Он обернулся и схватил Энрике обеими руками за горло. Тот не отстранился, однако в живот Михаилу упёрся ствол его собственного револьвера. Того самого, который уборщик вытащил из кобуры, пока эль капитано пребывал в прострации.
– Я же просил, – устало произнёс жрец. – Ничему не удивляйтесь.
…Отделившись от стен, к Михаилу беззвучно скользнули десятки теней.
Часть вторая Cine Patriotero
Глава 1 Худший мир
(где-то в середине пустоты и неизвестности)
…Затемнение. Сначала не видно ничего, идёт только звук. Прерывистое дыхание из тьмы. Хрип. Короткий кашель. Картина постепенно начинает проясняться… Камера показывает общую панораму с высоты птичьего полёта.
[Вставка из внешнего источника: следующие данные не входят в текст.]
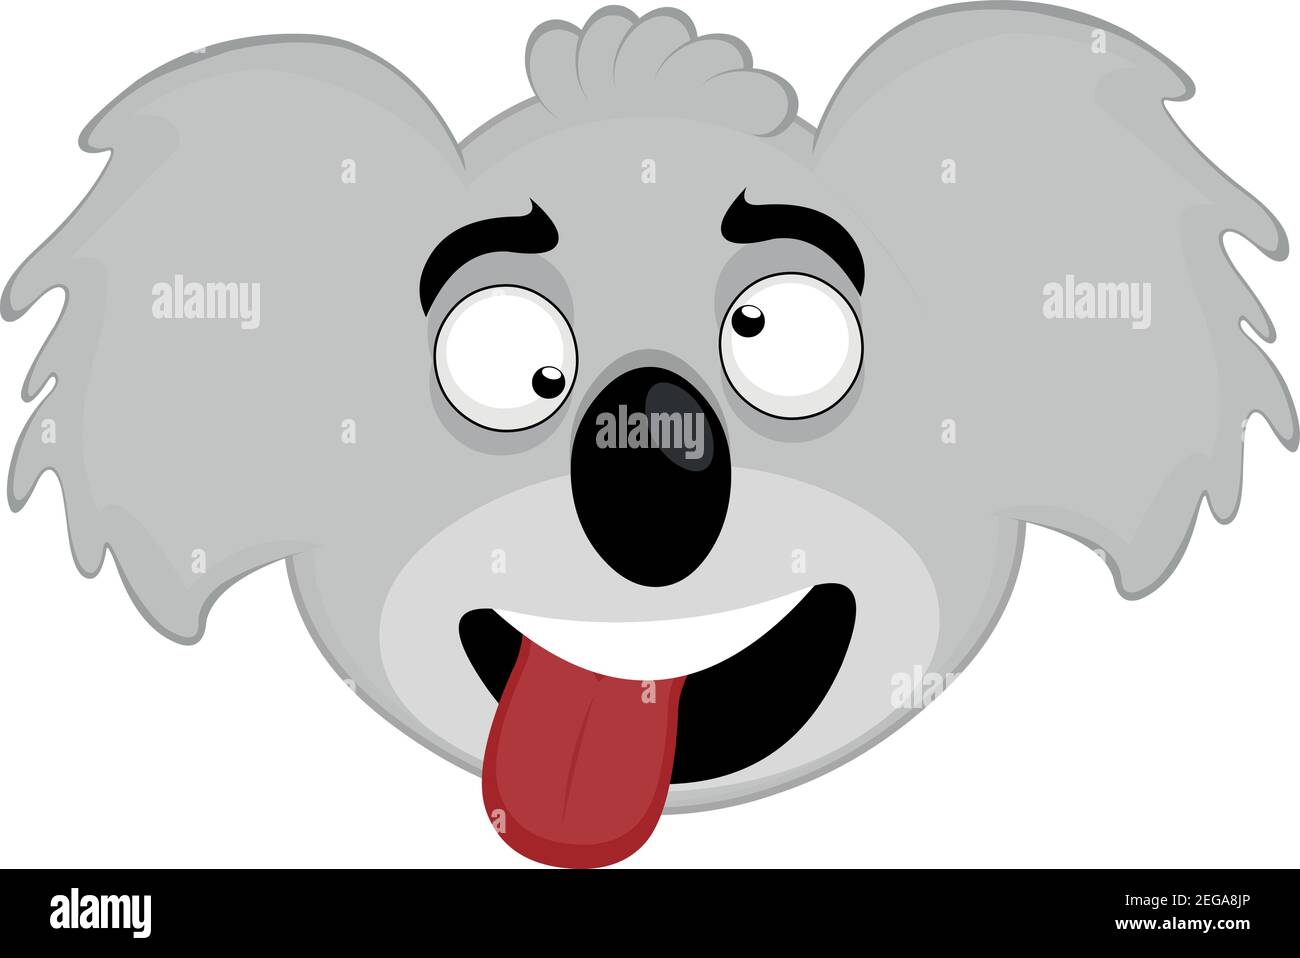 Vector emoticono ilustración de caricatura de la cabeza de un koala con una expresión burlante con ojos salvajes y sacando su lengua con la boca abierta Ilustración del Vector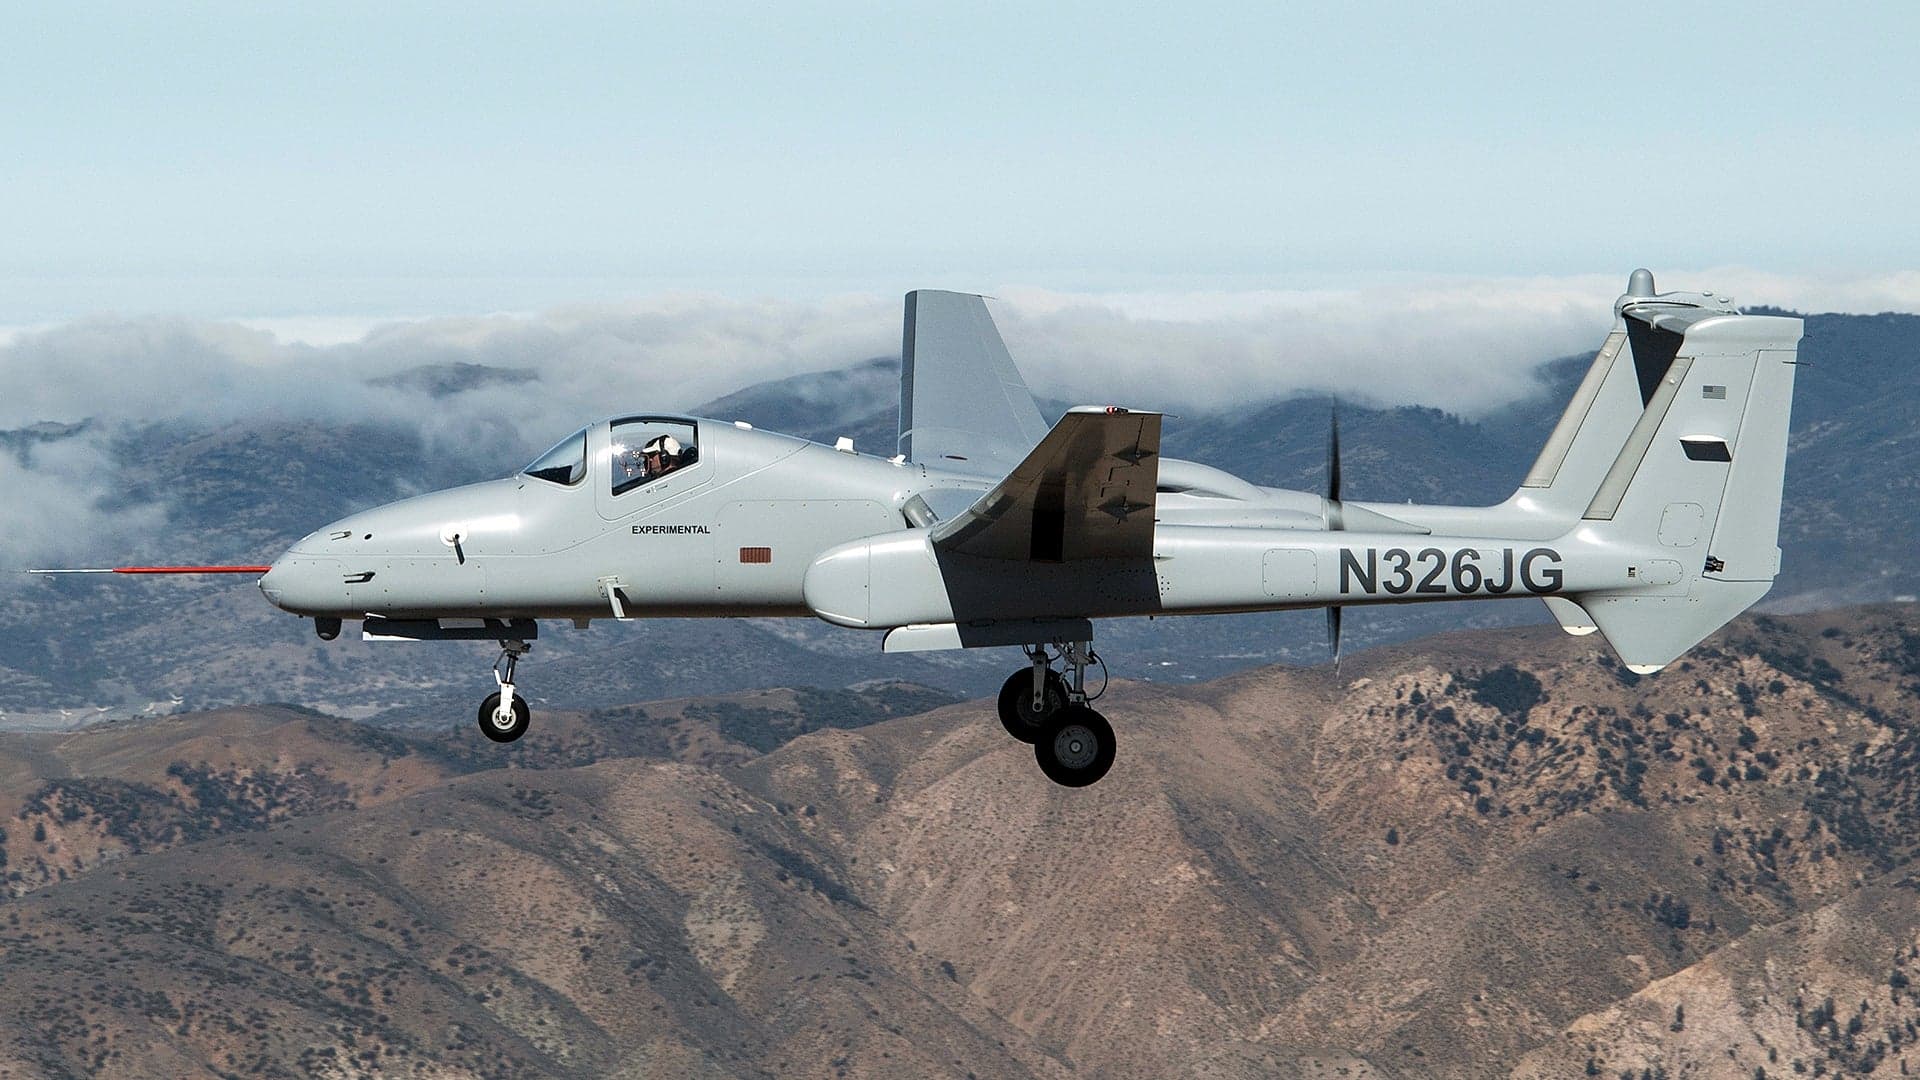 Northrop Grumman Plans To Upend Aerial Surveillance Market With Their Optionally Manned Firebird

Цвета набирают силу, наливаются красками, и сразу видно, что качество съёмки потрясающее – это уже не любительская плёнка, как в прошлый раз, а превосходная цифровая запись. Операторы работают профессионально, охватывая местность с разных ракурсов. Вдали видны очертания большого города, среди зданий десятками столбов поднимается чёрный дым. На поляне застыл человек – скорчившийся, лежащий на боку. Камера фиксирует его минуты две, после чего веки незнакомца слегка подёргиваются. В зрительном зале слышны женские вздохи и всхлипывания.
…Олег пришёл в себя. Опасаясь всего на свете, осторожно приоткрыл один глаз. Прямо перед ним колыхалось растение жёлтого цвета. Он повернулся, и ему укололо щёку. Трава. Сухая трава. Олег лихорадочно покрутил головой. Так. Кажется, он на пригорке, посреди луга… Судя по пожухшим травинкам, сейчас наблюдается осень. Небо налилось свинцом: с минуты на минуту вниз упадут капли холодного дождя. Поле простёрлось вплоть до горизонта, кое-где светятся желтизной стога, за спиной – лес с ёлками и белыми деревцами, – похоже, берёзы. Стога. Если некто собирает сено в скирды, стало быть, здесь существуют коровы… Их режут на мясо, и они уж точно дают молоко.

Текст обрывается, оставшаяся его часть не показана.